This results in more splits are being processed by each single mapper and improves the execution time. This is done by using the SpatialFilterInputFormat (spatial indexing) or FileSplitInputFormat (spatial hierarchical join, buffer). Also, the same results can be achieved by using the implementation of CombineFileInputFormat as internal InputFormat.

2.9 Oracle Big Data Spatial Vector Analysis for Spark

Oracle Big Data Spatial Vector Analysis for Apache Spark is a Spatial Vector Analysis API that provides spatially-enabled RDDs (Resilient Distributed Datasets) that support spatial transformations and actions, spatial partitioning, and indexing. These components make use of the Spatial Java API to perform spatial analysis tasks. The supported features include:

    2.9.1 Spatial RDD (Resilient Distributed Dataset)

    A spatial RDD is a Spark RDD that allows you to perform spatial transformations and actions.

    The current spatial RDD implementation is the class oracle.spatial.spark.vector.rdd.SpatialJavaRDD, and it can be created from an existing instance of RDD or JavaRDD, as shown in the following example:

    //create a regular RDD
    JavaRDD<String> rdd = sc.textFile("someFile.txt");
    //create a SparkRecordInfoProvider to extract spatial information from the source RDD’s records
    SparkRecordInfoProvider recordInfoProvider = new MySparkRecordInfoProvider();
    //create a spatial RDD
    SpatialJavaRDD<String> spatialRDD = SpatialJavaRDD.fromJavaRDD(rdd, recordInfoProvider, String.class));
    

    A spatial RDD takes an implementation of the interface oracle.spatial.spark.vector.SparkRecordInfoProvider, which is used for extracting spatial information from each RDD element.

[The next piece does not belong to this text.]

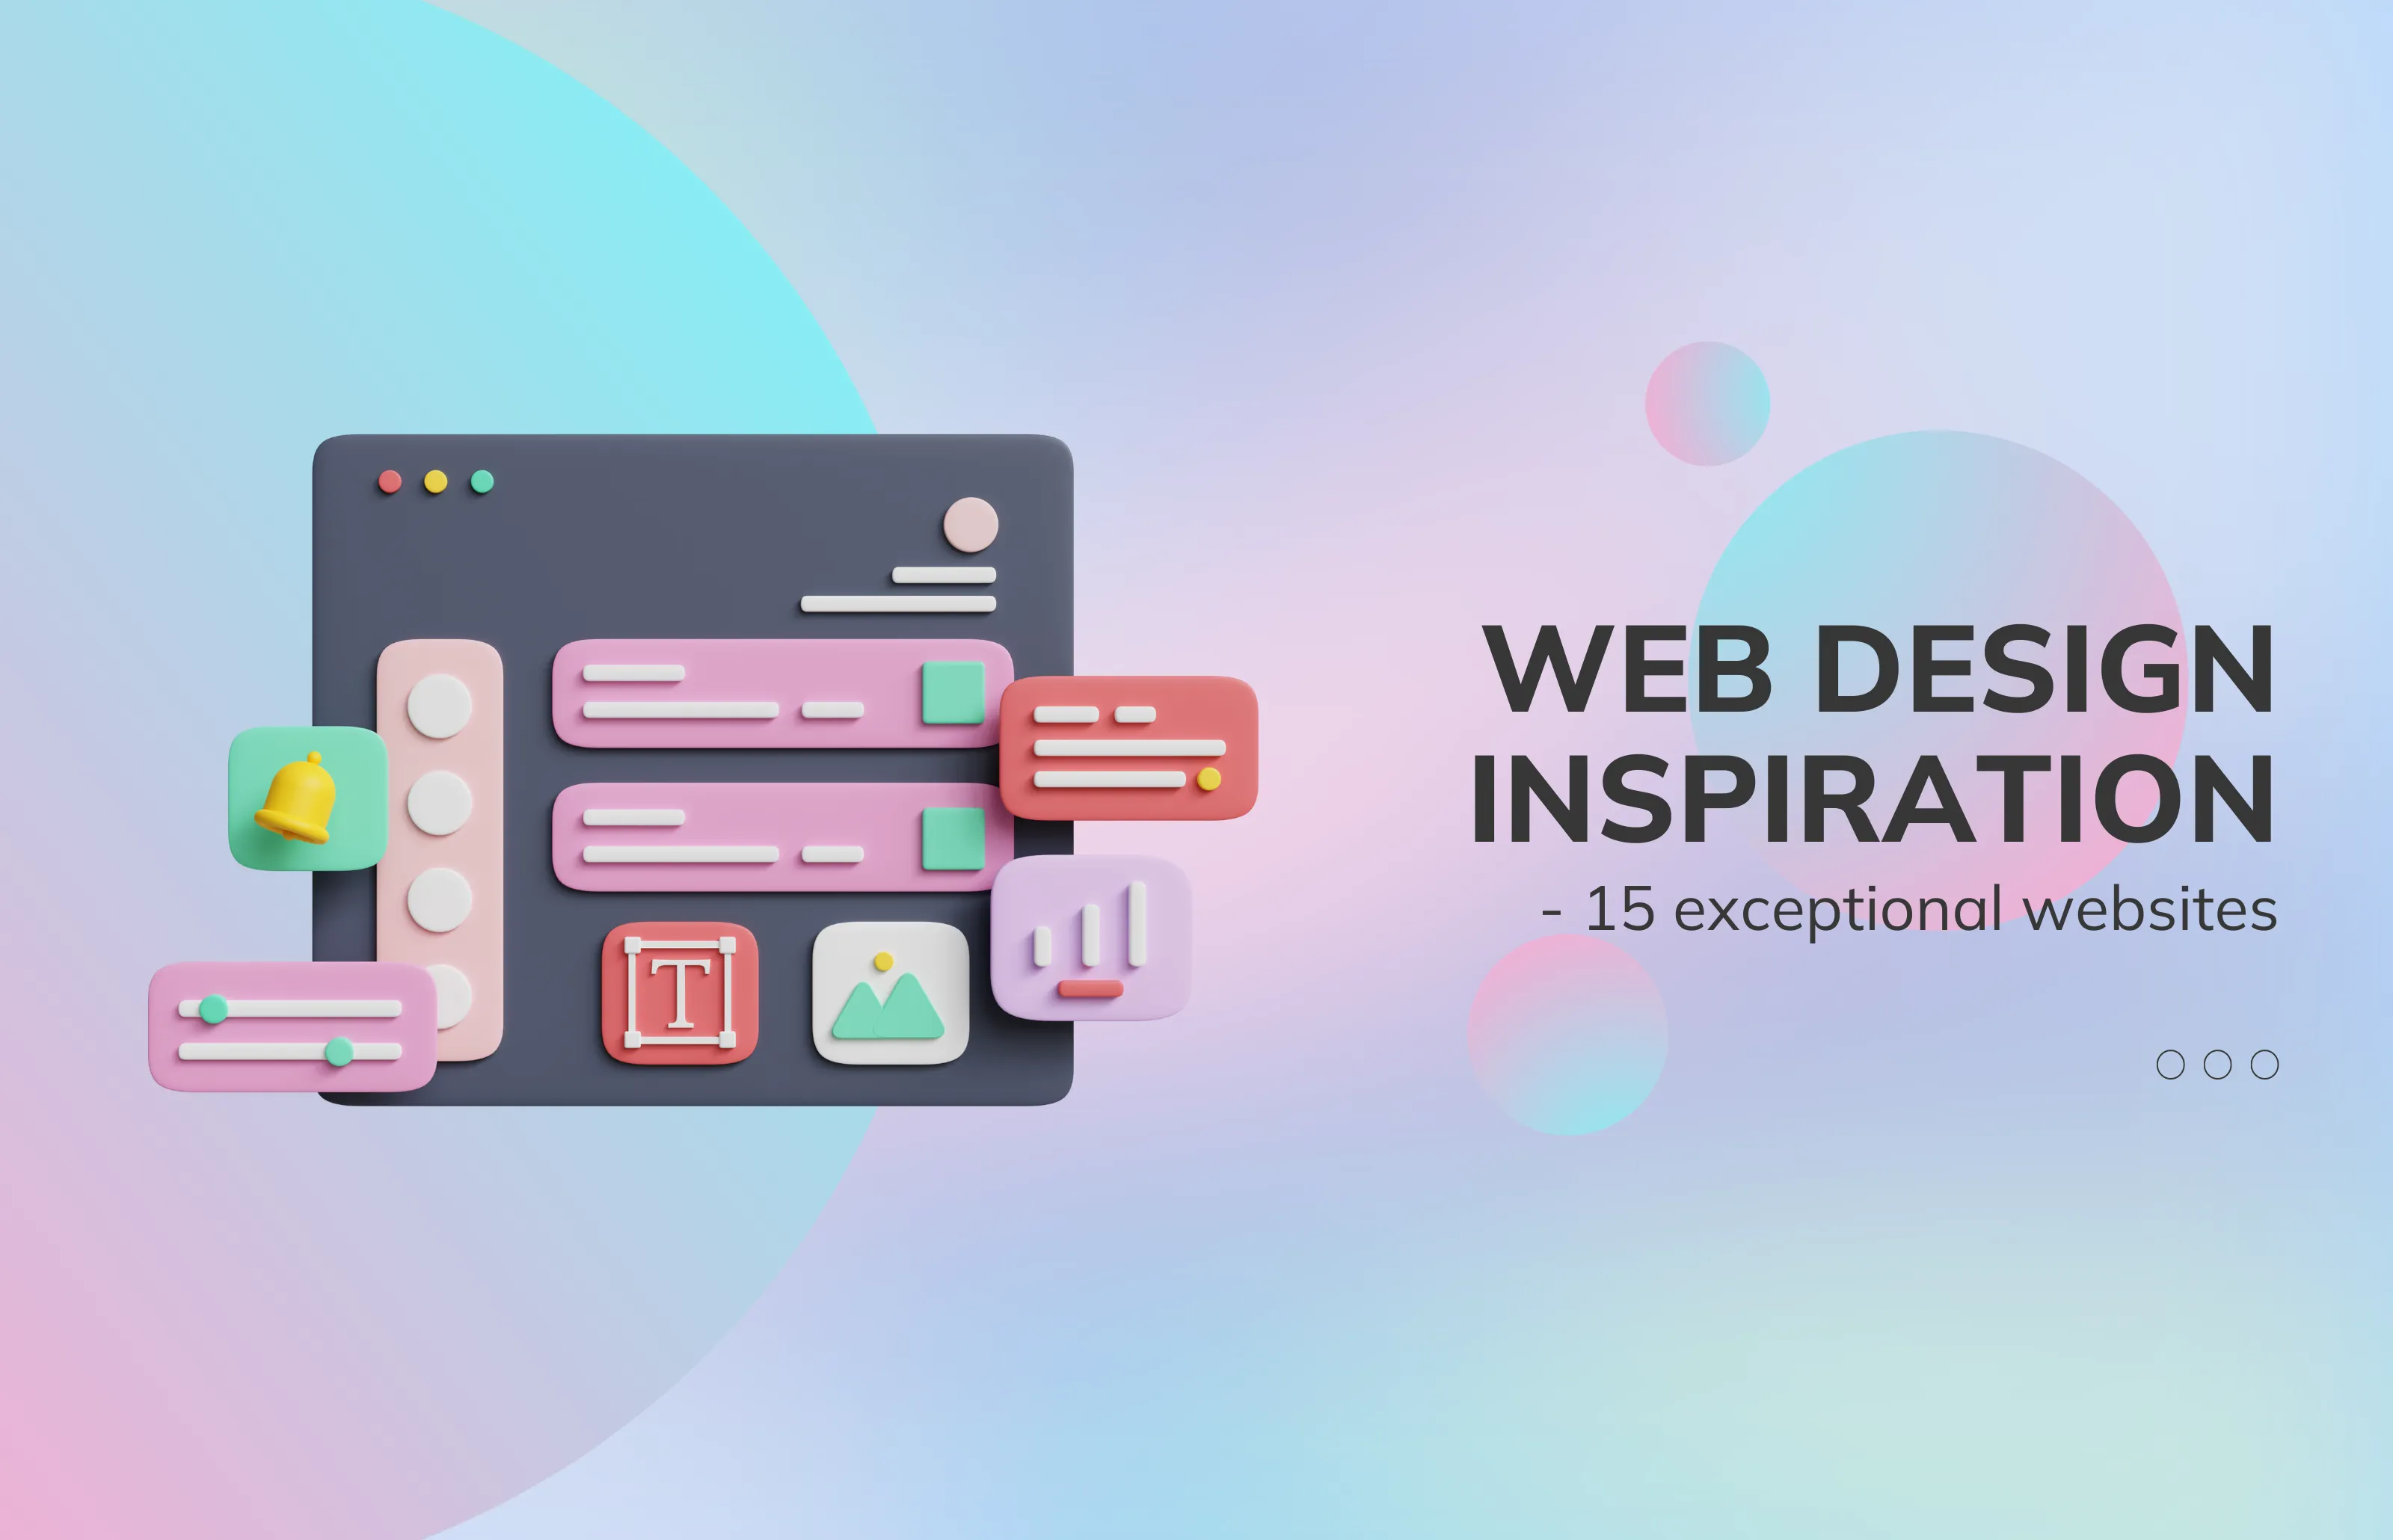 Web Design Inspiration: 15 Great Sites

    A regular RDD can be transformed into a spatial RDD of the same generic type; that is, if the source RDD contains records of type String, the spatial RDD will also contain String records.

    You can also create a Spatial RDD with records of type oracle.spatial.spark.vector.SparkRecordInfo. A SparkRecordInfo is an abstraction of a record from the source RDD; it holds the source record’s spatial information and may contain a subset of the source record’s data. The following example shows how to create an RDD of SparkRecordInfo records by omitting the last parameter when calling the JavaSpatialRDD.fromJavaRDD() method.

    //create a regular RDD
    JavaRDD<String> rdd = sc.textFile("someFile.txt");
    //create a SparkRecordInfoProvider to extract spatial information from the source RDD’s records
    SparkRecordInfoProvider recordInfoProvider = new MySparkRecordInfoProvider();
    //create a spatial RDD
    SpatialJavaRDD<SparkRecordInfo> spatialRDD = SpatialJavaRDD.fromJavaRDD(rdd, recordInfoProvider));
    

    A spatial RDD of SparkRecordInfo records has the advantage that spatial information does not need to be extracted from each record every time it is needed for a spatial operation.

    You can accelerate spatial searches by spatially indexing a spatial RDD. Spatial indexing is described in section 1.4 Spatial Indexing.

    The spatial RDD provides the following spatial transformations and actions, which are described in the sections 1.2 Spatial Transformations and 1.3 Spatial Actions.

    Spatial transformations:

    • filter

    • flatMap

    • join (available when creating a spatial index)

    Spatial Actions:

    • MBR

    • nearestNeighbors

    Spatial Pair RDD

    A pair version of SpatialJavaRDD is provided and is implemented as the class oracle.spatial.spark.vector.rdd.SpatialJavaPairRDD. A spatial pair RDD is created from an existing pair RDD and contains the same spatial transformations and actions as the single spatial RDD. A SparkRecordInfoProvider used for a spatial pair RDD should receive records of type scala.Tuple2<K,V>, where K and V correspond to the pair RDD key and value types, respectively.

    Example 2-1 SparkRecordInfoProvider to Read Information from a CSV File

    The following example shows how to implement a simple SparkRecordInfoProvider to read information from a CSV file.

    public class CSVRecordInfoProvider implements SparkRecordInfoProvider<String>{
        private int srid = 8307;
    
        //receives an RDD record and fills the given recordInfo
        public boolean getRecordInfo(String record, SparkRecordInfo recordInfo) {
            try {
                String[] tokens = record.split(",");
                //expected records have the format: id,name,last_name,x,y where x and y are optional 
                //output recordInfo will contain the fields id, last name and geometry
                recordInfo.addField("id", tokens[0]);
                recordInfo.addField("last_name", tokens[2]);
                if (tokens.length == 5) {
                    recordInfo.setGeometry(JGeometry.createPoint(tokens[3], tokens[4], 2, srid));
                }
            } catch (Exception ex) {
                //return false when there is an error extracting data from the input value
                return false;
            }
            return true;
        }
    
        public void setSrid(int srid) {this.srid = srid;}   
        public int getSrid() {return srid;}
    }
    

    In this example, the record’s ID and last-name fields are extracted along with the spatial information to be set to the SparkRecordInfo instance used as out parameter. Extracting additional information is only needed when the goal is to create a spatial RDD containing SparkRecordInfo elements and is necessary to preserve a subset of the original records information. Otherwise, it is only necessary to extract the spatial information.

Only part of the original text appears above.